For a plot1d function, the plotID consists of

  • group, the number of the group in which this 1d plot is placed,
  • number.within.group, the within group index of this variate,
  • index , the index of the variate among all variates in the data set(s)
  • label, the variate label, and
  • plotNo, the number of the 1d plot being displayed (i.e its position in order among only those which are 1d).

All other functions in the ellipsis, ..., are passed on to the drawing functions.

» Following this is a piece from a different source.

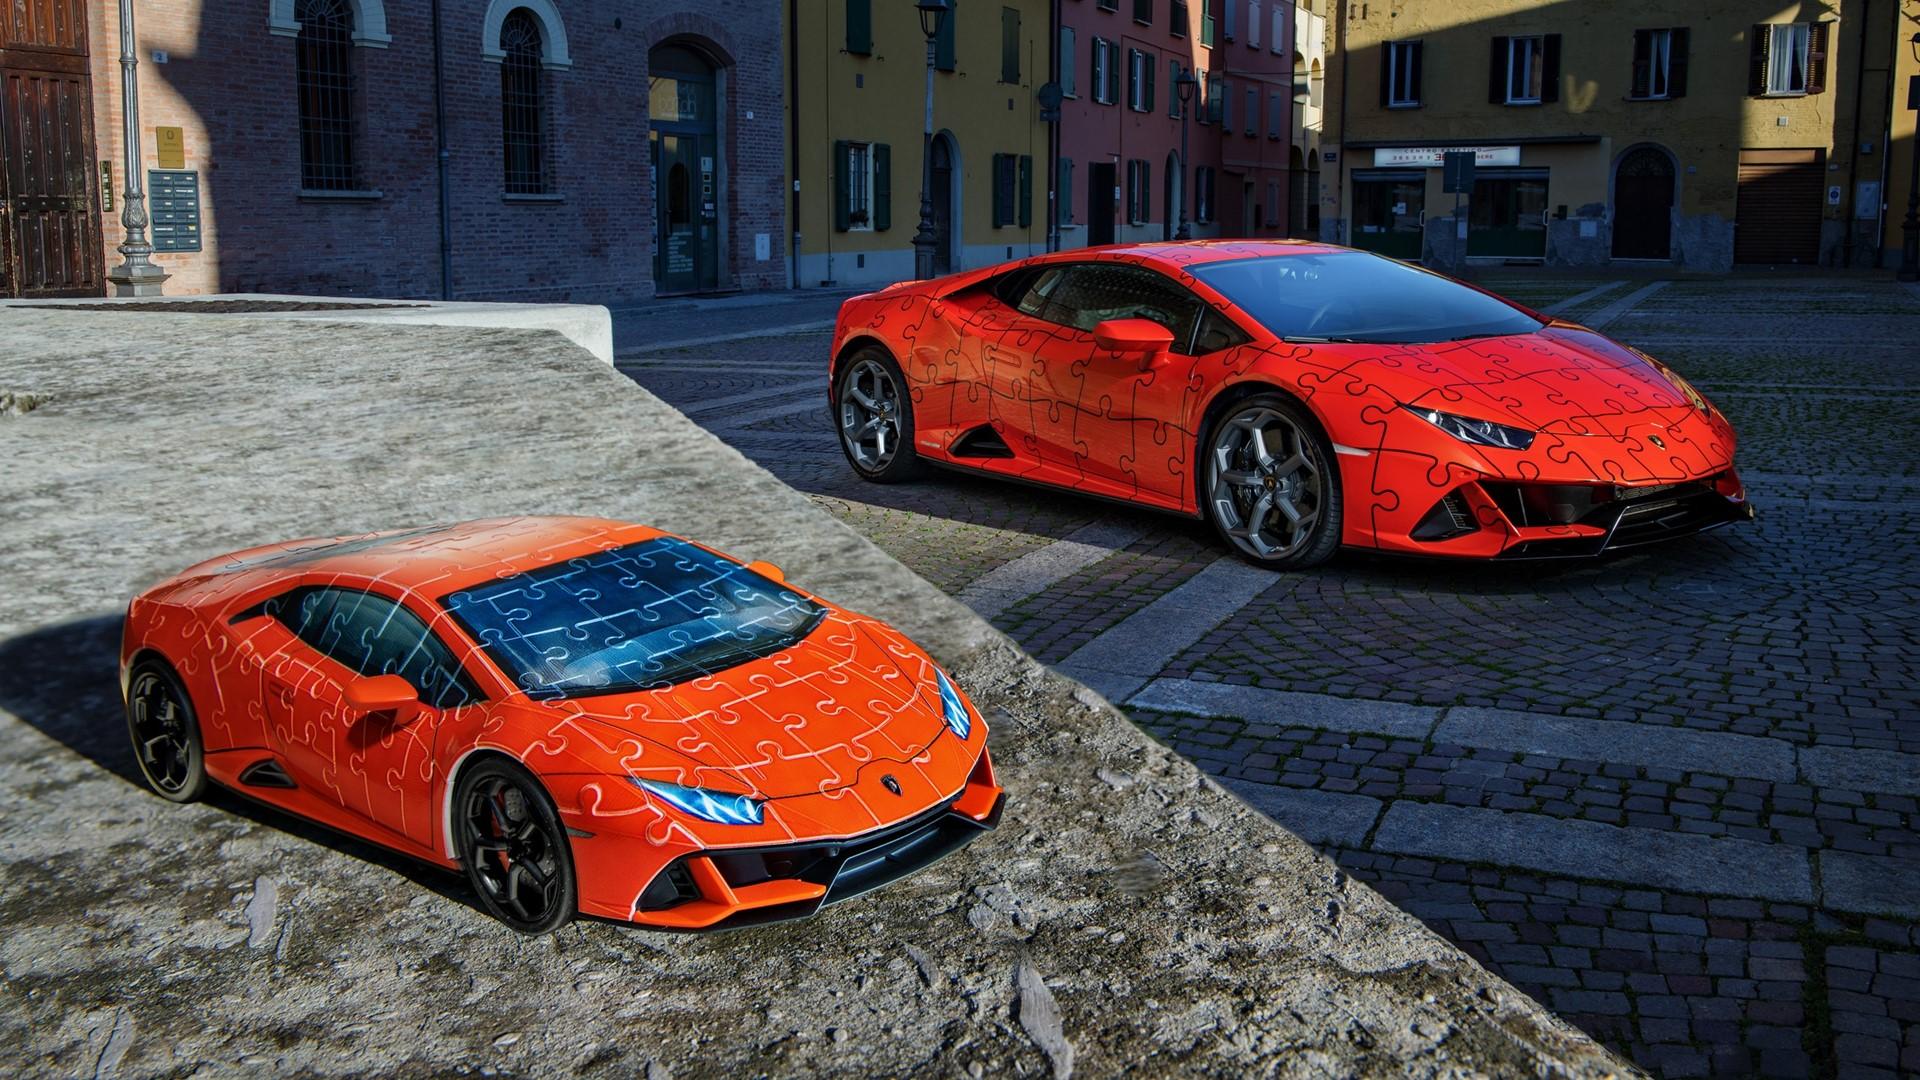 The Lamborghini Huracán EVO: build a super sports car in a 3D jigsaw puzzle - Image 1

Arguments to plot2d functions

Every plot2d function must take arbitrarily many arguments, accepting at least the following set:

  • x, a vector of values for the horizontal variate
  • y, a vector of values for the vertical variate
  • turn, the single character turn out from the current plot
  • plotID, a list containing information on the identification of the plot.

If the plot2d function is from the package grid, then it should also expect to receive a vp or viewport argument; if it is from the package loon, it might also receive a parent argument. These arguments should be familiar to users of either package.

For a plot2d function, the plotID consists of

  • group, the number of the group in which this 2d plot is placed,
  • number.within.group, the within group index for these variates (same index),
  • index , the indices of the variates among all variates in the data set(s)
  • label, the labels of the variates, and
  • plotNo, the number of the 2d the plot being displayed (i.e its position in order among only those which are 2d).

All other functions in the ellipsis, ..., are passed on to the drawing functions.